Board favors funding for EMS, sheriff’s office

By Jeff Linville -

The Surry County Board of Commissioners seemed to be in favor a recommendation by County Manager Chris Knopf to add some spending to both EMS services and the sheriff’s office.

Knopf handed out a graph that showed 911 calls for EMS by the hour of the day for the year 2016. From 2 a.m. to 7 a.m. the calls per hour range from 289 to 357. Then when people start getting up and moving around is when more problems occur.

At 7 a.m. the calls jump to 563, then 610, 662, and 791 by 10 a.m.

The 2017 numbers were slightly higher across the board, but follow a similar shape, seeing calls jump at 10 a.m. and stay that way until almost midnight.

As a result, the county manager recommended of adding a Medic 7 team to the EMS for peak hours at an expected cost of $192,420.

Typically, EMS crews in the county work a full 24-hour shift, but John Shelton, emergency services director, is talking about using this team from 11 a.m. to 11 p.m. — where calls average more than 800 per hour.

The budget from Knopf includes $1.2 million related to the sheriff’s office and jail.

During a meeting earlier in the month, he recommended replacing six patrol cars with new models and hiring new employees.

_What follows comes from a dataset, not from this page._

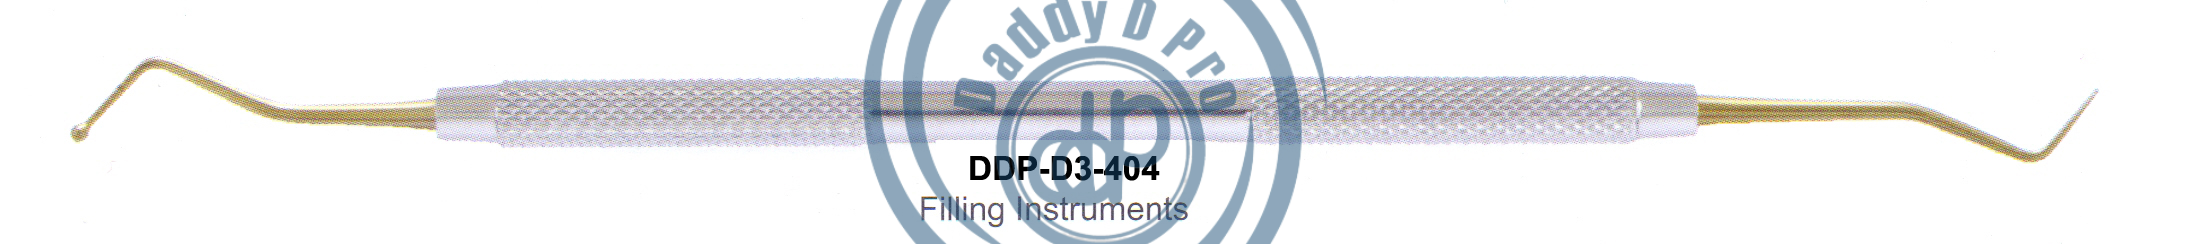 images/DDP-D3-404.png

“Several significant personnel recommendations are included in the proposed budget for public safety and security,” he told the board. “The creation of three new deputy positions ($295,474) is recommended as well as four new detention officers and two transportation officers ($208,936).”

Knopf explained that proposed regulation changes coming from the state would affect staffing at the jail as soon as November, which is the reason for the four detention officers.

Overcrowding at the jail is a growing problem. Surry is having to ship more and more inmates to other counties to be housed, and the drive time alone can be more than three hours round-trip. Until the expansion of the jail is done, there will be a heavy need for workers to drive inmates back and forth, so Knopf recommends adding two transportation officers, rather than tying up deputies’ time.

The commissioners seemed in general agreement on this.

In other budget items:

• The county likely will be raising the landfill convenience fee by $3 to offset the rising cost of handling special items like electronics.

• Knopf said this is the third year of a five-year plan to steadily raise the water/sewer rates for the areas of Flat Rock/Bannertown and Elkin/Gentry Road, which will be 7 percent for both locations.

• During a discussion of funding outside agencies, Dr. Gary Tilley, the newest commissioner, asked if this is where funding for the Mount Airy-Surry County Airport was placed.

Knopf said yes and added that although it is supposedly co-owned with the city, Mount Airy hasn’t provided any funding in a decade.

Some folks have asked why the county even bothers to keep it running, he said, but keep in mind that when the county accepted federal grant money for the runway expansion, it came with a requirement that the airport stay open a full 30 years more.